--- What is needed ---
Below is a listing. Return the lines from the one that contains "bonsai willow tree" to the one that contains "Set of Lira", both ends included, verbatim and with no pictures.

--- Given data ---
################
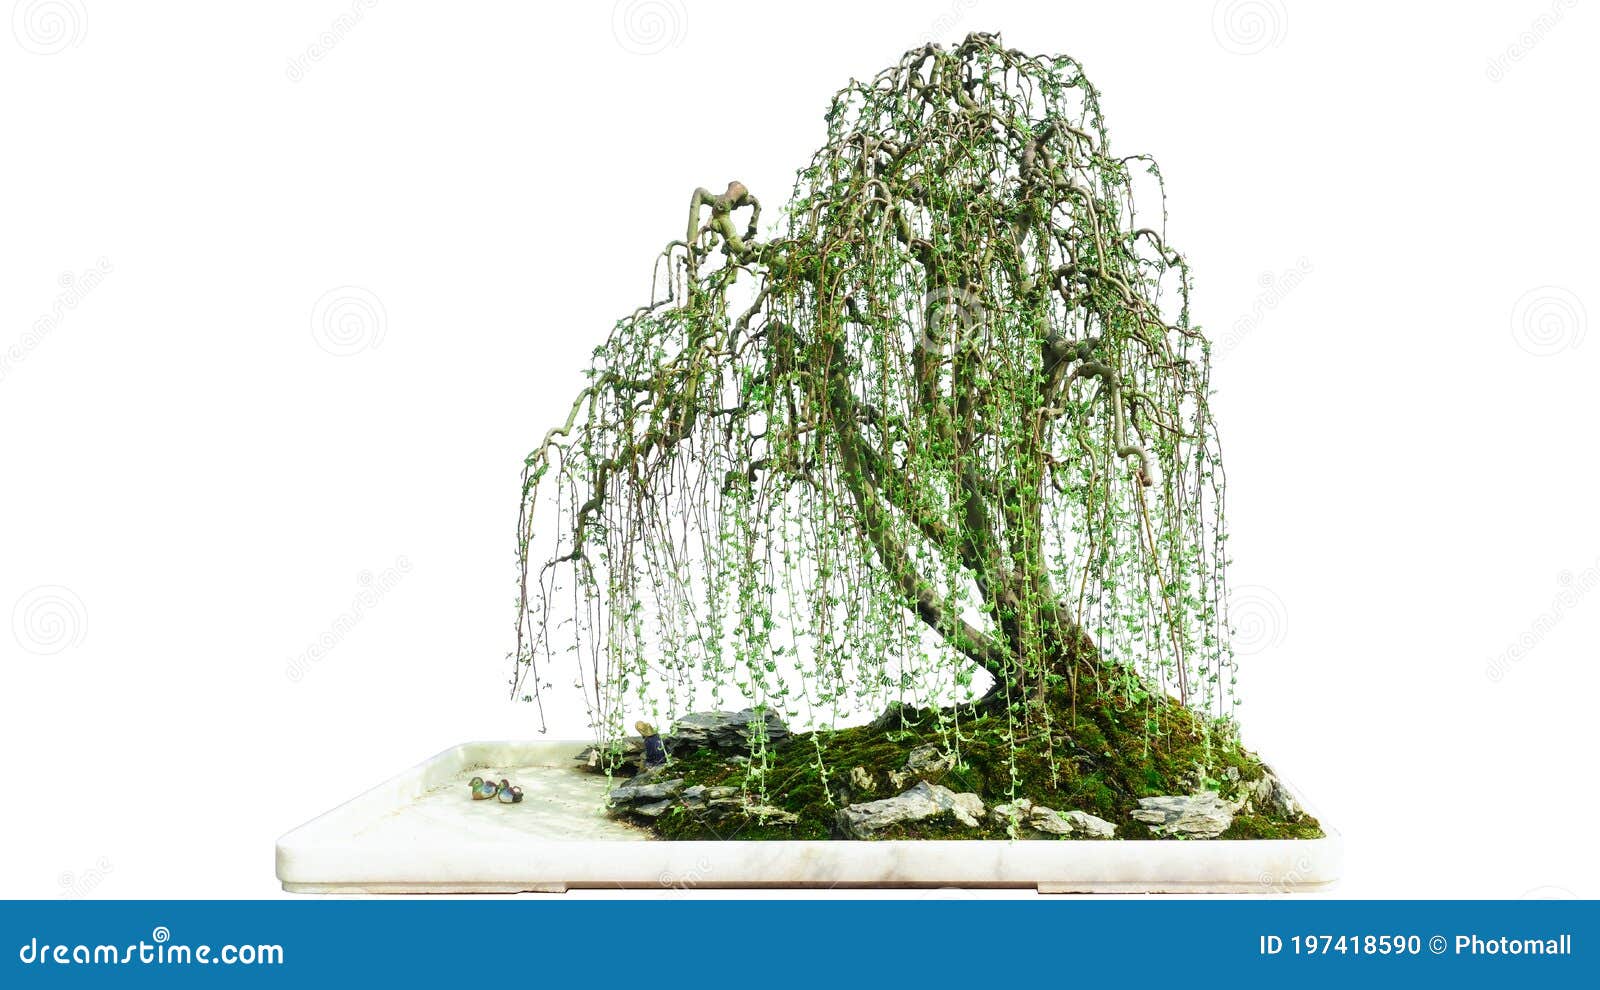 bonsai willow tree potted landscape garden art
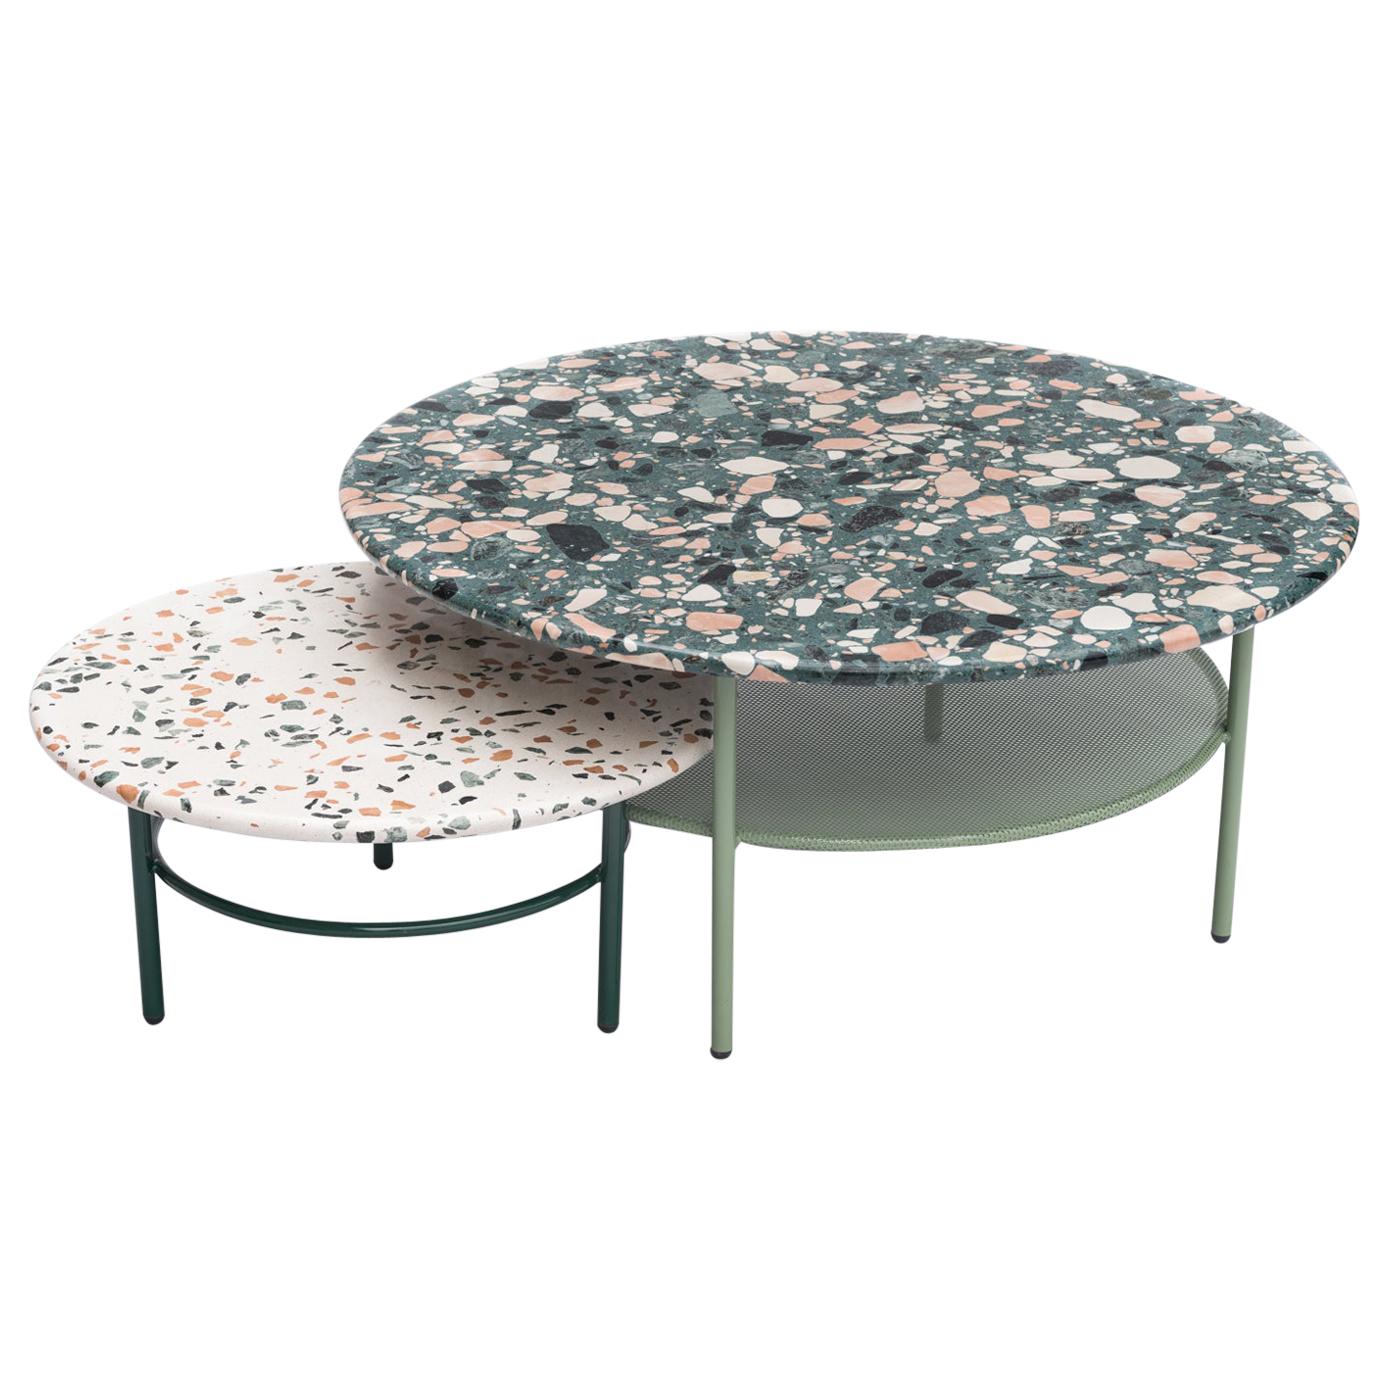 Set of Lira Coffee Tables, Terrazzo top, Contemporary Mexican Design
################
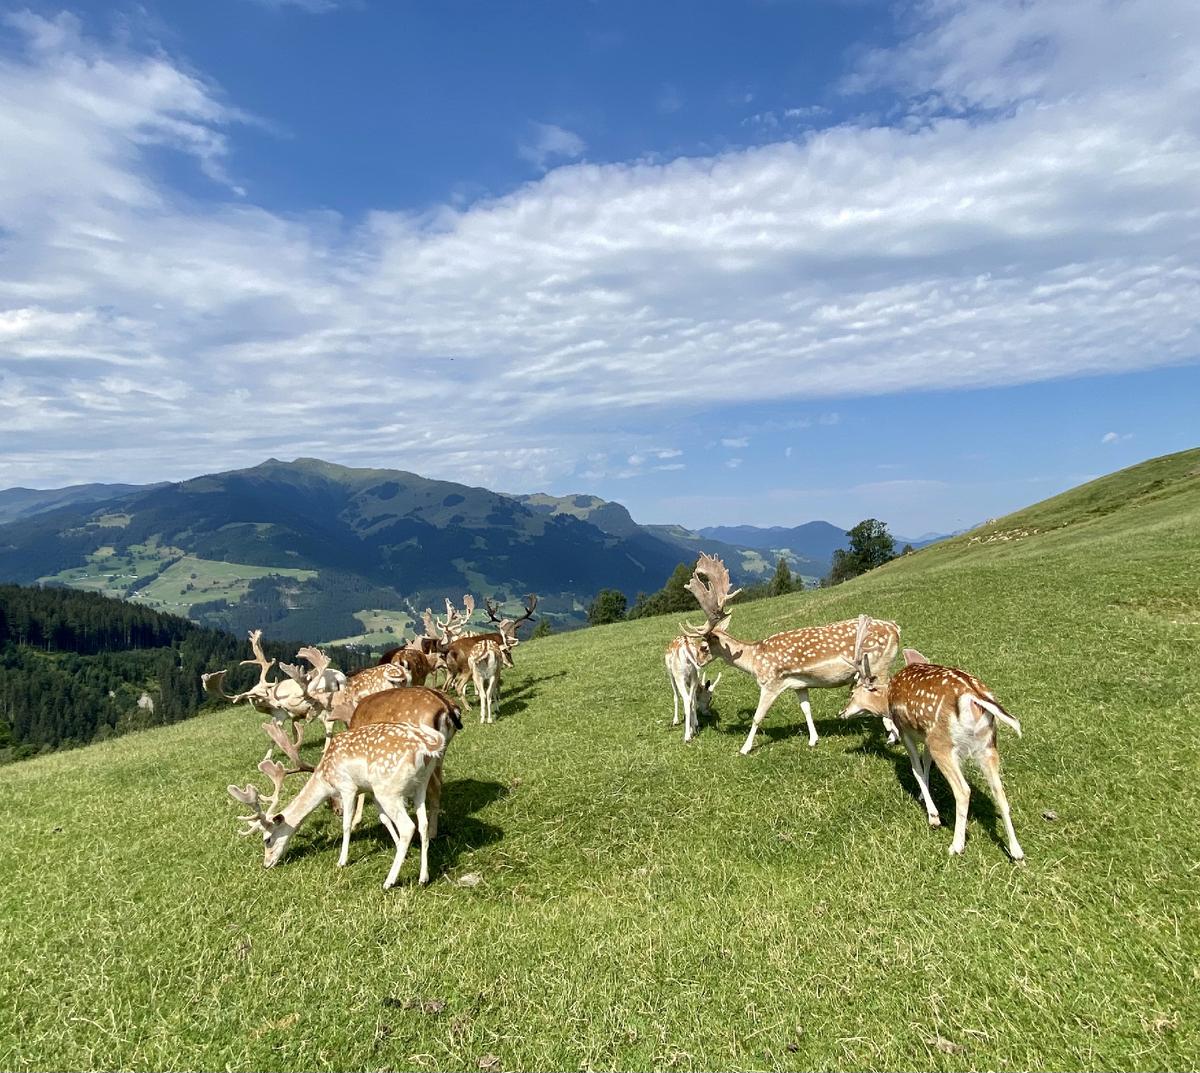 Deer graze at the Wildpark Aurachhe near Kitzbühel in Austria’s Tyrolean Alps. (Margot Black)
################
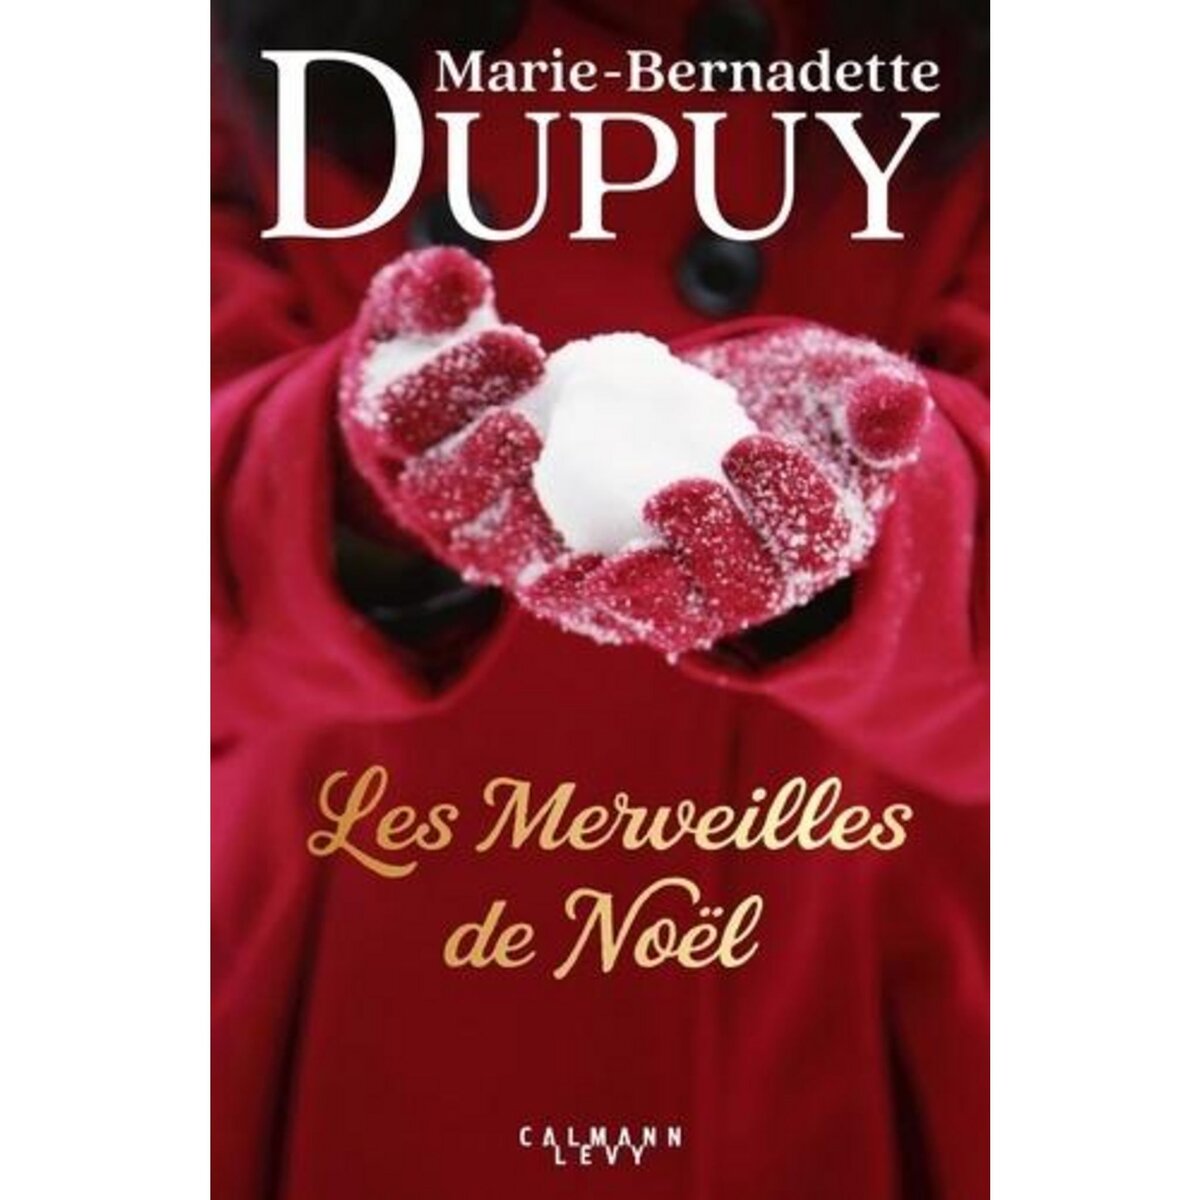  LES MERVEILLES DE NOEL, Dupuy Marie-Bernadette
################
--- Solution ---
 bonsai willow tree potted landscape garden art
 Set of Lira Coffee Tables, Terrazzo top, Contemporary Mexican Design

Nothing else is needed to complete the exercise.